Ces trois coupoles représentent les liens qui unissent la Vierge Marie et les trois personnes de la Trinité. Elle est en effet la fille du Père, l’épouse de l’Esprit Saint et la mère du Christ.

Le sol

Le sol est décoré de mosaïques minutieusement agencées qui font appel à différents types de marbre et de pierres dures. Elles forment des motifs géométriques et floraux de plus en plus élaborés à mesure que l’on se rapproche du chœur.

Mosaïque de la bataille de Lépante

Cette mosaïque illustre la bataille de Lépante, en 1571, durant laquelle le pape Pie V implora l’intervention de la Vierge Marie afin que la flotte turque de Selim II soit vaincue par la flotte chrétienne.

L’entrée triomphale de Jeanne d’Arc à Orléans

Cette mosaïque retrace l’entrée triomphale de Jeanne d’Arc à Orléans, mais aussi les cinq moments clés de sa vie : ses Voix, la victoire de Patay, le sacre de Reims, sa captivité et sa mort sur le bûcher.

Le chœur
La basilique est entièrement décorée en hommage à la Vierge Marie, et plus l’on se rapproche du cœur de l’église, appelé le chœur ou encore la galerie du chœur, plus ce symbolisme est dense.

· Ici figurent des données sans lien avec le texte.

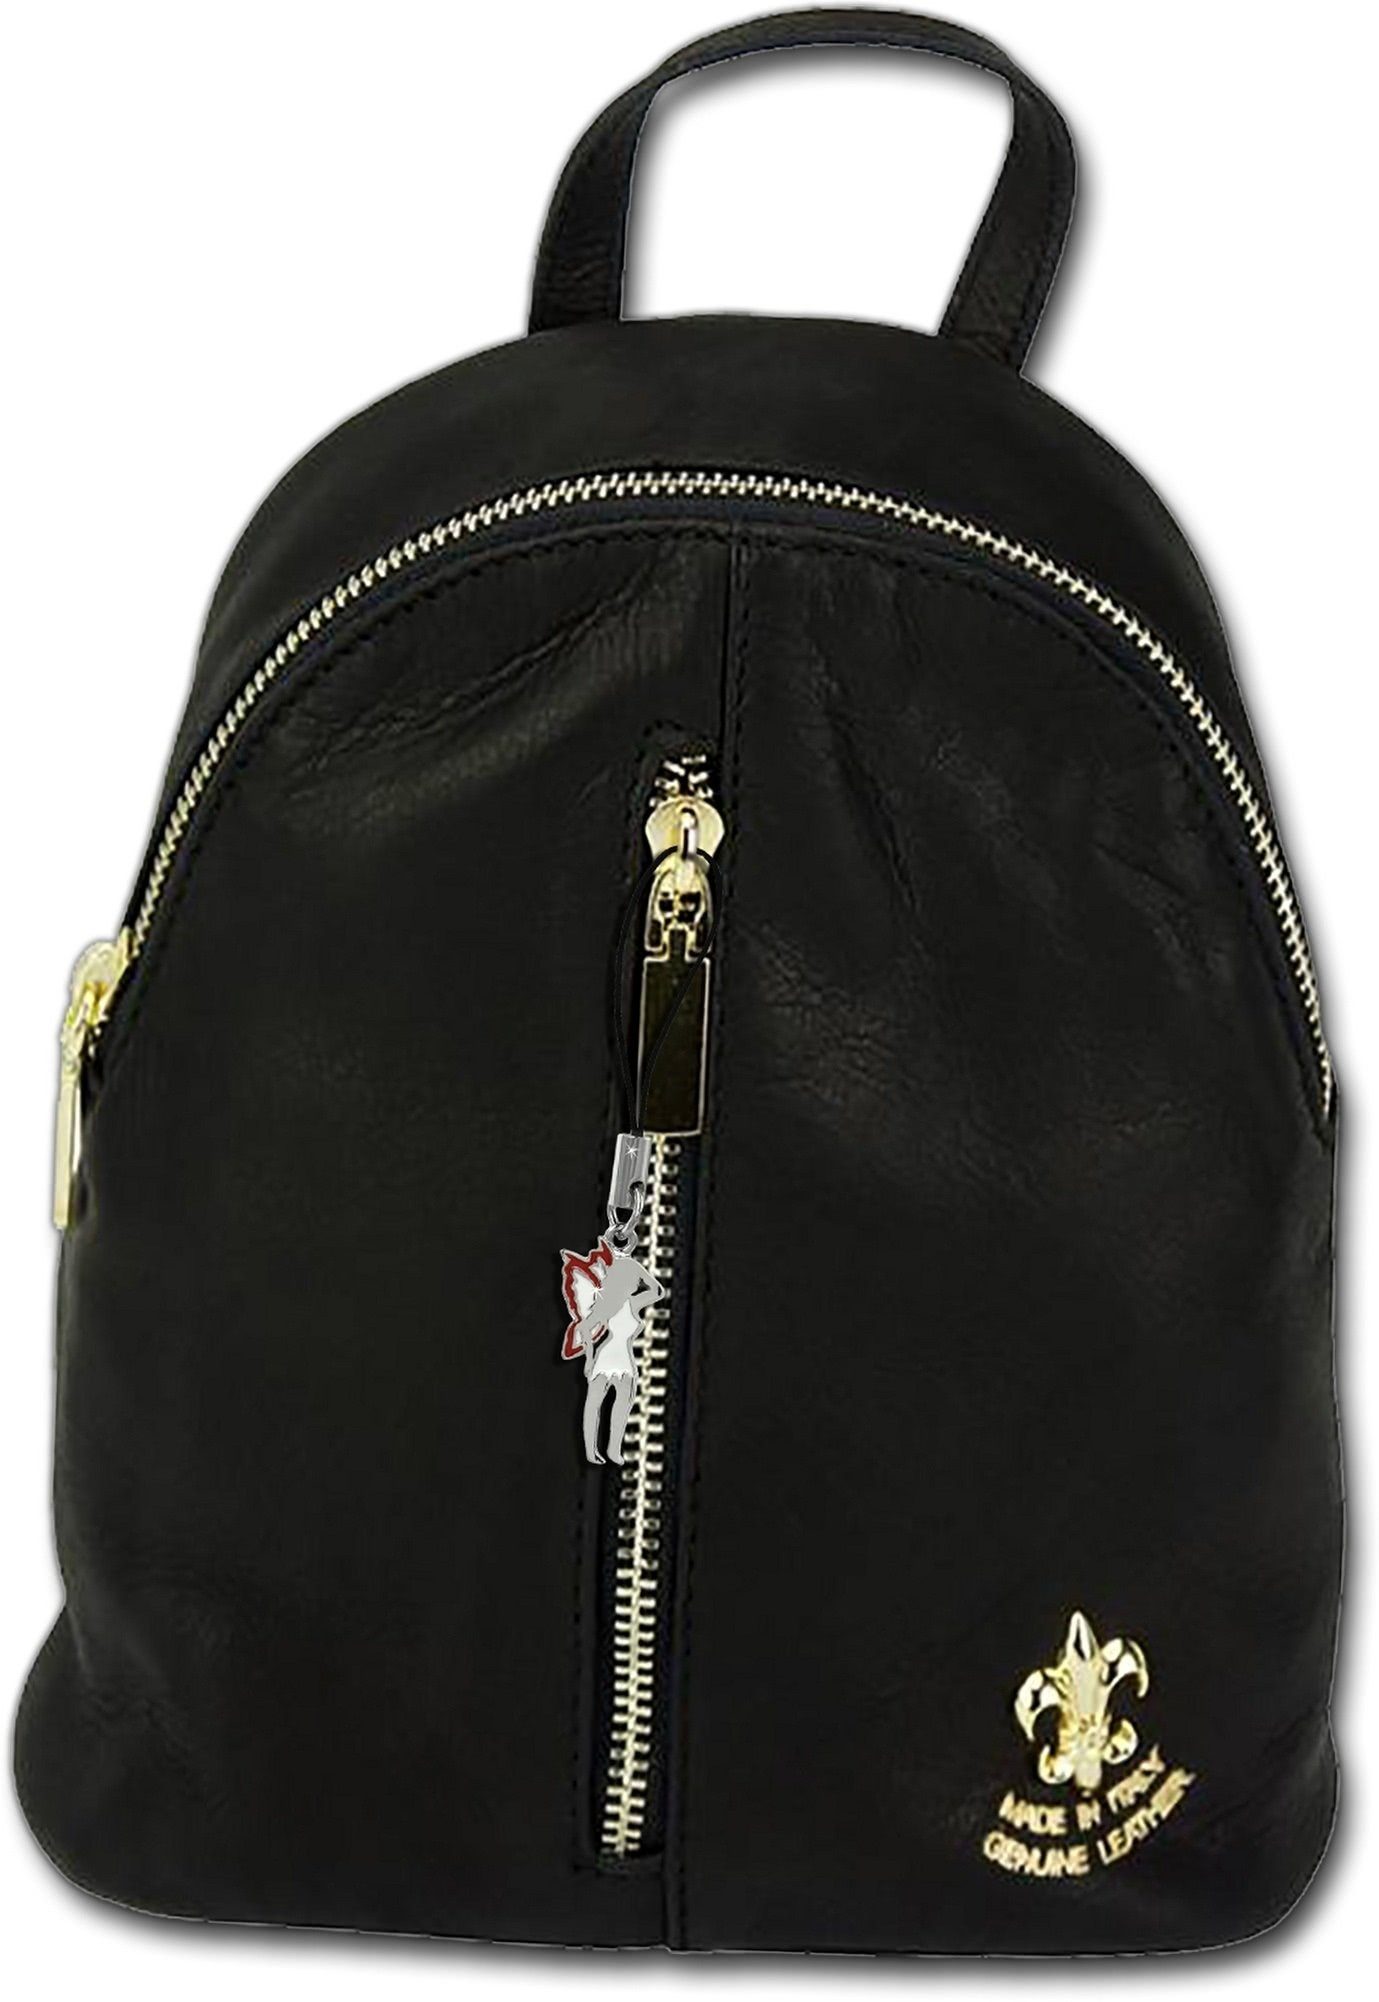 FLORENCE Cityrucksack »D2Florence kleiner schwarzer 2in1 Rucksack«, Damen,  Jugend Rucksack aus Echtleder in schwarz, ca. 21cm Breite, Made-In Italy  online kaufen | OTTO

Cet espace est considéré comme sacré, et l’Immaculée Conception, ou la maternité divine de Marie, est l’élément central de la décoration.

Le Vœu de Louis XIII

Sur cette mosaïque, le roi Louis XIII et son épouse, Anne d’Autriche, offrent une couronne symbolisant la France à la Vierge Marie en espérant qu’elle leur donnera un héritier. Leur vœu est exaucé. Cet enfant est le futur Louis XIV.

La Vierge Marie

Cette statue est l’élément central de l’autel. Marie, qui veille sur la congrégation, tient l’Enfant-Jésus levant les doigts pour bénir les fidèles. Sculptée en marbre de Carrare, cette statue est couverte d’un voile en signe de pureté.

La voûte du chœur

Les nervures et la coquille de la voûte sont richement décorées de bijoux, de roses et de feuillages, et sont entourées d’angelots. La clef de voûte, de six mètres de large, accueille la colombe du Saint-Esprit en son centre.